За скотобойней стояли одинокие небольшие убогие хаты. Мы вошли в ближайшую. Обычное жилище бедняков: стол, два табурета, старая железная кровать, мешочки на стенах, бутылочки на подоконнике, засиженная мухами пожелтевшая фотография и керосиновая лампа.
На кровати, покрытой старым лоскутным одеялом, лежал старик с лицом рембрандтовских персонажей. Хмель дружески поздоровался с ним.
— Как самочувствие, отец?
— Лучше, дорогой доктор! Спасибо за добрые слова!
Приказав мне вскипятить чайник, Хмель стал выслушивать больного.
— Буду ли я жить, доктор? — спросил старик.
— Будешь, будешь, сердце крепкое. Истощен ты очень, питаться надо. И все.
Мы напоили больного сладким чаем, дали ему принесенного белого хлеба, потом дали лекарство и, попрощавшись, пошли дальше.

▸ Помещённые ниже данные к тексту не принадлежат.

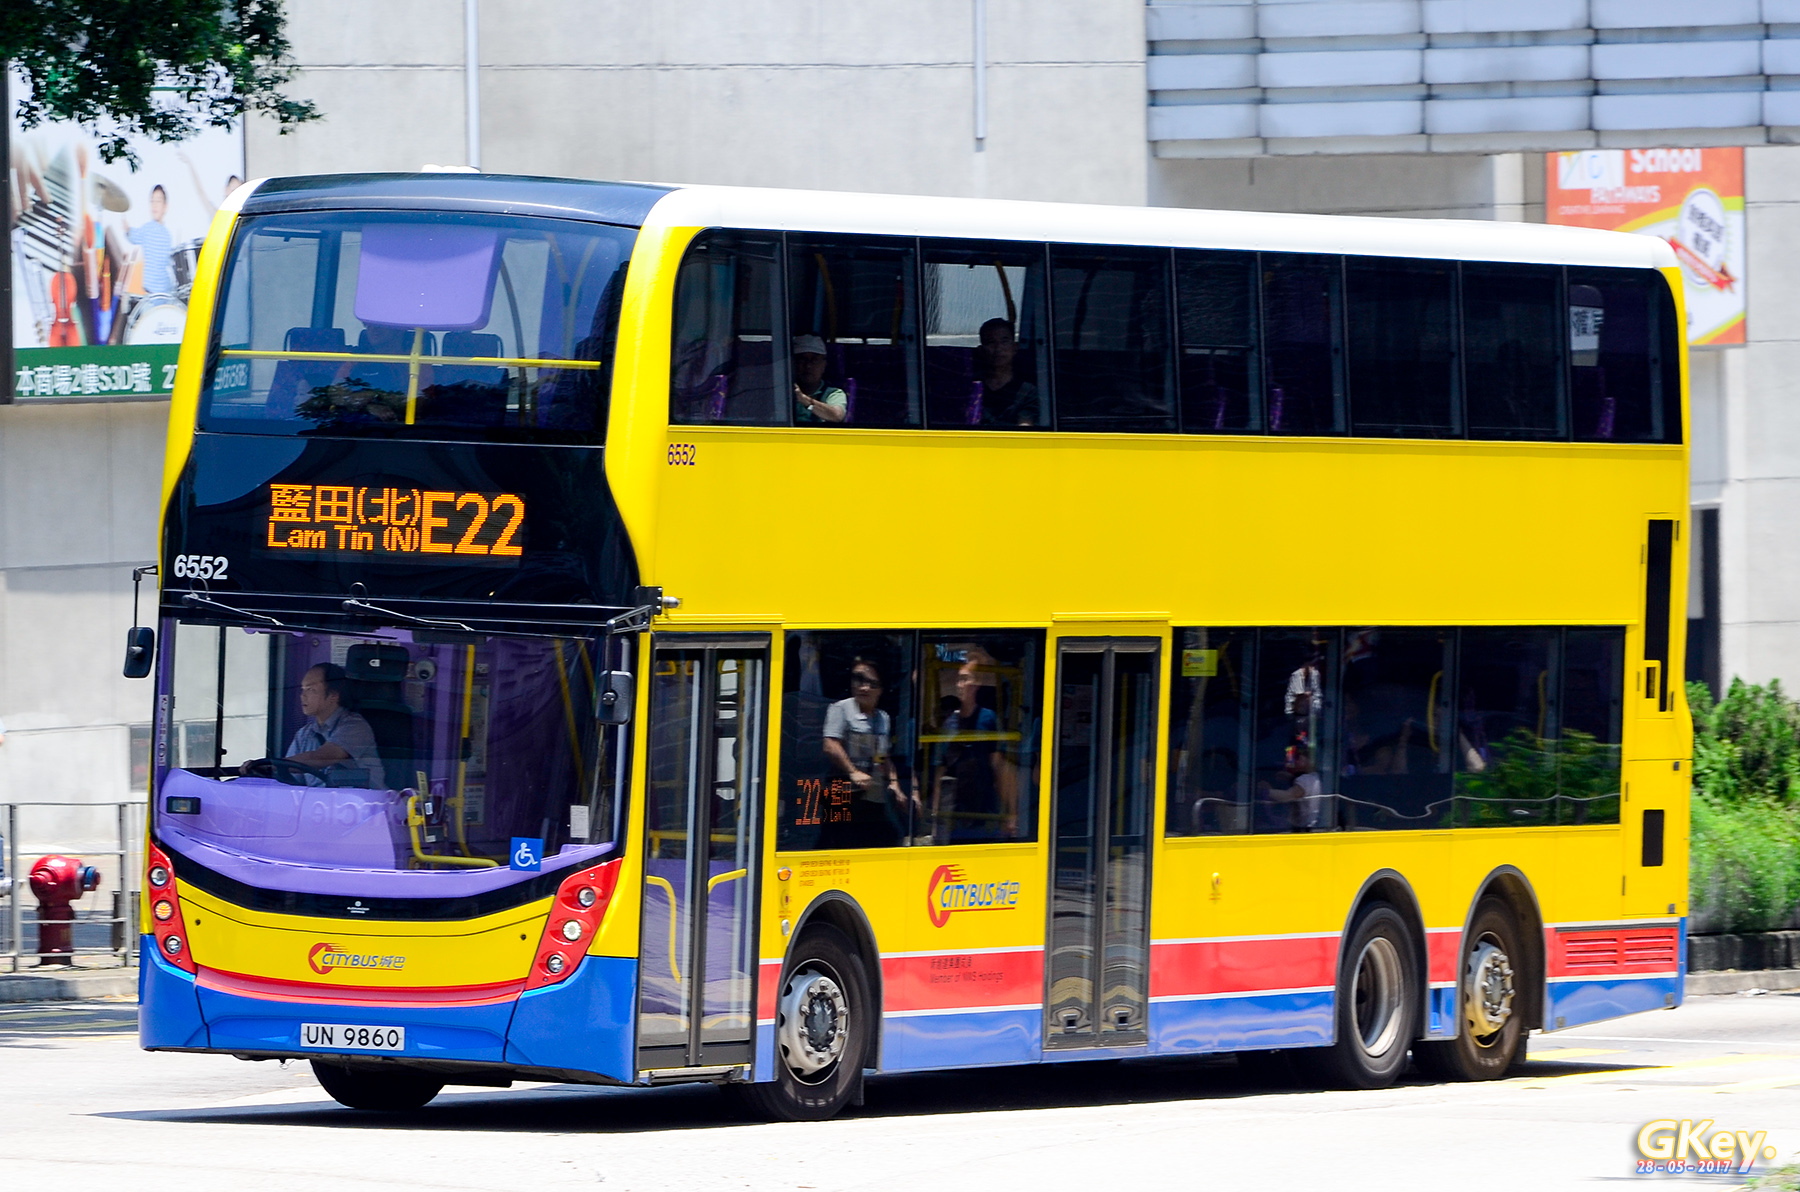 無聊影70K - 巴士攝影作品貼圖區 (B3) - hkitalk.net 香港交通資訊網 - Powered by Discuz!
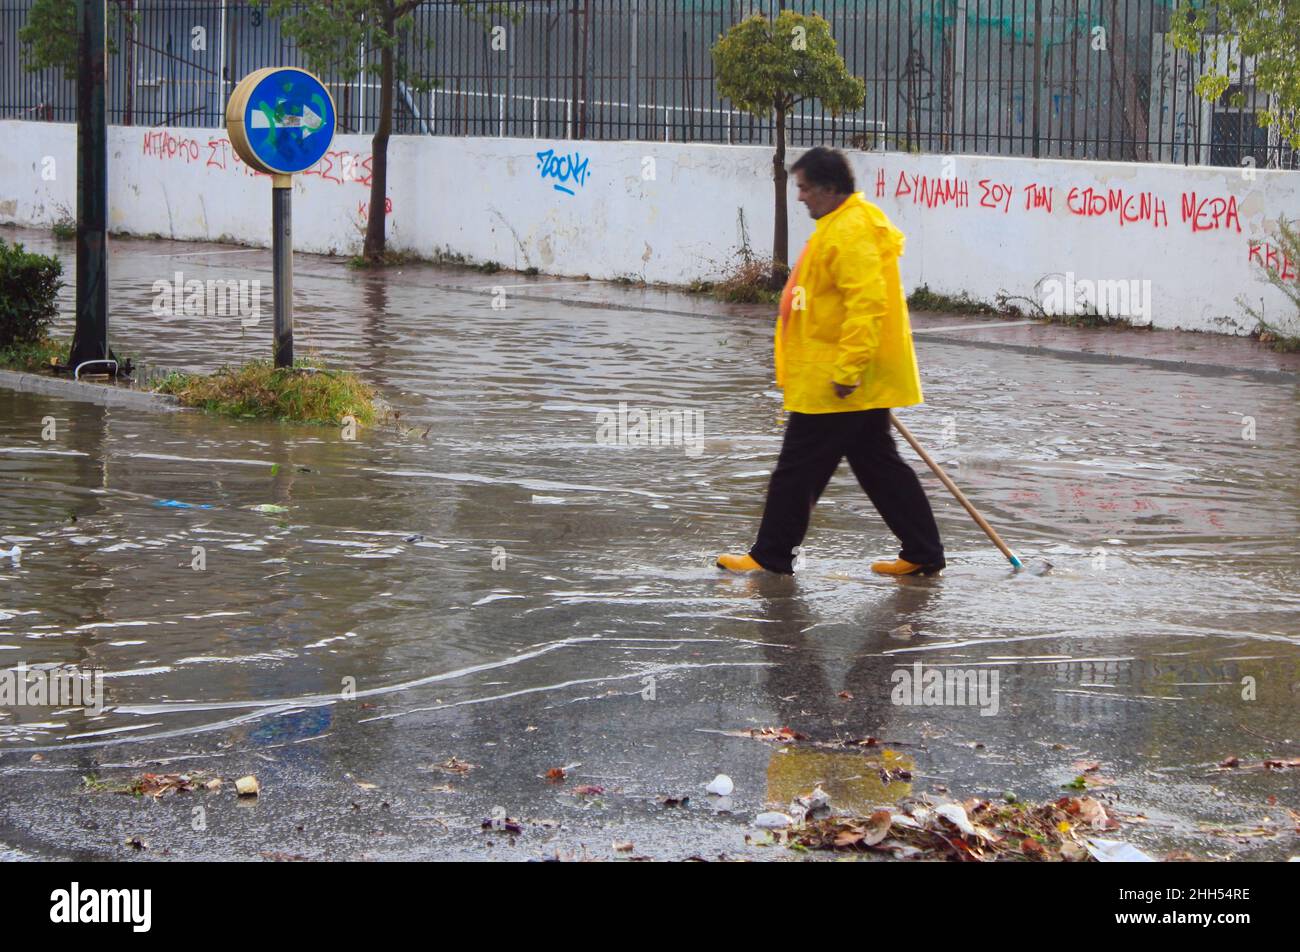 Überflutete Straße nach starken Regenfällen - Spata, Attica, Griechenland, Oktober 31 2019 Stockfoto

Во второй избе лежала мать с девочкой. Около них озабоченно суетилась старуха. Хмель выслушал больных, дал лекарство и, отозвав старуху, сказал ей:
— Больше крепкого сладкого чая давайте. Я вам принес в пакетике сахару и чая.
— Спасибо, спасибо, дорогой доктор, — зашептала старушка.
Мы обошли около двадцати больных. Повсюду нищета, голод и страдания… Возвращаясь домой, мы долгое время шли молча. Заговорил Жорж.
— Вот ты художник, — в неожиданном порыве сказал он, — пишешь картины для народа. Все радостные, словно всюду и всегда праздник. А ты видишь, сколько страданий вокруг нас? Почему ты не показываешь страдания людей? Ведь страданий гораздо больше, чем радостей!
— Пишу, — ответил я, — но сравнительно мало. Пойми, Жорж, что у нас разные цели и стремления. Ты врач, и долг твой — облегчать страдания людей, я — художник. Мой долг — внушать людям оптимизм, радость бытия… волю к жизни… В чем-то мы сходимся — мы оба обещаем надежду… счастье…
Как-то вечером, на третий день невеселой кущевской жизни, я вышел поглядеть на людей и немного рассеяться. И вдруг страшная, символическая картина встала передо мной — я увидел эвакуацию тифозных деникинцев. На широких крестьянских санях, на соломе, укрытые измятыми шинелями, лежали тифозные. Их желтые худые с голубыми пятнами лица выражали нечеловеческие страдания… Ни одного жеста, ни одного движения. Тишина и покой. Среди них, вероятно, были и мертвецы. Страшный обоз сопровождали крестьяне в шубах и овчинных шапках. Они шагали молча и медленно.
Я простоял около получаса, а сани с больными и лошадьми будто все плыли… и плыли… Бесконечная, страшная река.
Елисаветградская газета
Через несколько дней, под утро, пришли наши. Боя не было. Была только перестрелка. Деникинцы бежали. Наши заняли город. В Елисаветграде настала нормальная мирная жизнь.
Красные вошли в субботу, а в понедельник утром я уже сидел в кабинете секретаря уездной партийной организации Иосифа Могилевского и вел с ним беседу.
— Пришел предложить вам свои услуги, — сказал я.
— Очень рад, — ответил Могилевский. — Конкретно, что вы можете предложить?
— Могу собрать при партийном комитете местных художников и организовать мастерскую, где будут делать не только большие портреты вождей, но и цветные агитплакаты.
— Я рад вашему предложению, — с сияющим лицом сказал он, — Мы очень нуждаемся в портретах и плакатах… Уездные партийные работники засыпают нас требованиями выслать агитплакаты, но у нас ничего нет… Вы пришли вовремя. — И подумав, он добавил: — Обещаю вам подыскать помещение, найти фанеру, холст, бумагу и краски. И, конечно, — улыбнулся он, — мою горячую помощь во всех делах ваших.